The mechanism behind the hook — adding post-quantum cryptography without modifying the application — is a dependent-claim detail worth reading exactly. Claim 14 recites that the instructions to initiate the proxy comprise instructions to overload a library of the user agent with script instructions configured to implement the proxy, and to execute, by the user agent, those script instructions. Claim 12 fixes the user agent as a browser, the second computing device as a client device; claim 13 makes the first computing device a custom-cryptography server. So in the disclosed arrangement, a cryptography server tells a client's browser to overload one of its own libraries with script that stands up the proxy in place, and from then on the browser's messages are intercepted and re-protected by code injected into the user agent rather than by a modified application binary. Claim 8 supplies a variant in which the proxy initiates portable binary instructions within a secure virtualized environment associated with the user agent. The throughline is the same: the post-quantum layer is introduced at the user agent's runtime, not by editing the application that produced the traffic.

The application also claims the same invention in two other statutory forms. Independent claim 15 is a computing-system claim — a memory and at least one processor configured to send a second device the instructions to initiate the proxy, mirroring claim 1 — and independent claim 23 is a non-transitory computer-readable-medium claim covering executable instructions to implement a proxy configured the same way. Their dependents reach both ends of the connection: claim 28 specifies a client-implemented forward proxy, while claim 31 specifies a server-implemented reverse proxy. As with claim 1, what these claims request is one thing; what issues after prosecution is for the examiner to decide.
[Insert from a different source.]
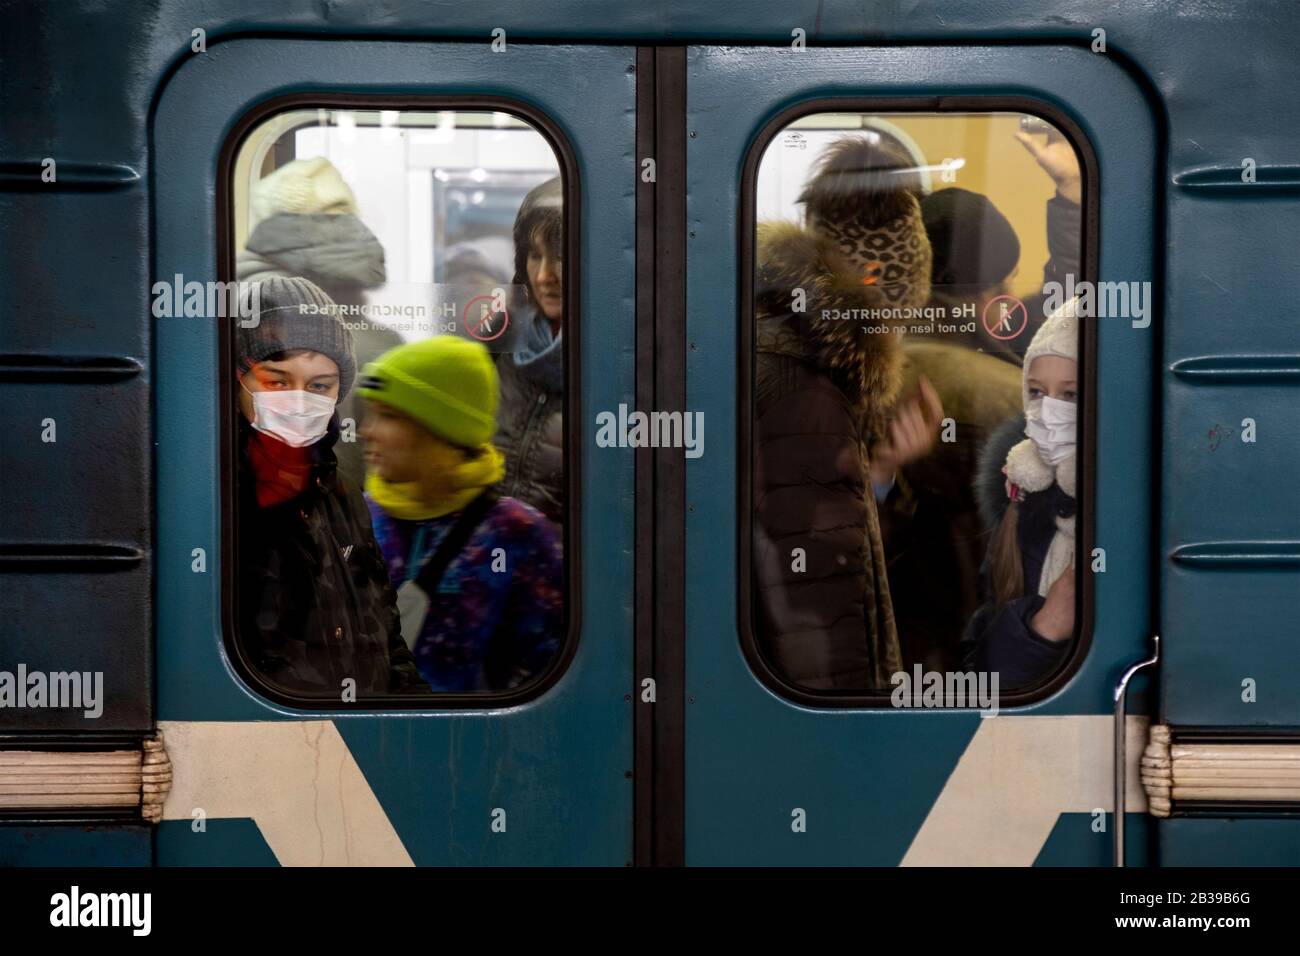 Moscú, Rusia. 29 de febrero de 2020 los niños usan máscaras médicas en el metro de Moscú durante la difusión de noticias sobre la pandemia del coronavirus en el mundo, Rusia Foto de stock

Where it sits in the week's cryptography drop

Read against the rest of the June 25 drop, the QuSecure application is the proxy-and-transit entry in a cluster of encryption-mechanism filings that otherwise sit closer to the cipher itself. US20260180782A1, "Standard Encryption Using Pre-And Post-Transformations," wraps a standard cipher in extra rounds of pre- and post-encryption transformations, optionally under white-box protection. US20260178757A1, "Chaining Message Authentication Codes," is directed to host-to-peripheral authenticated encryption in which the sender shares only a subset of the authentication tag and caches the rest, and US20260180795A1 is directed to authenticated encryption that extends nonce length from block-cipher-based intermediate values. Two more land at the storage and memory layer rather than the wire: US20260180806A1 ties per-chunk encryption keys to garbage collection in a log filesystem, and US20260178438A1, a memory-controller circuit, uses a MAC tag as the initialization vector for a counter-based stream cipher. Across the drop the common thread is encryption mechanics; the QuSecure hero is the one that locates its claimed contribution at an intercepting proxy in the data path and names post-quantum algorithms as the cryptography that proxy applies. What it claims, on the face of the published record, is a method, system, and medium for instructing a remote device to run a proxy that intercepts a user agent's messages and re-protects them with post-quantum cryptography. What the issued claims will cover is for prosecution to decide.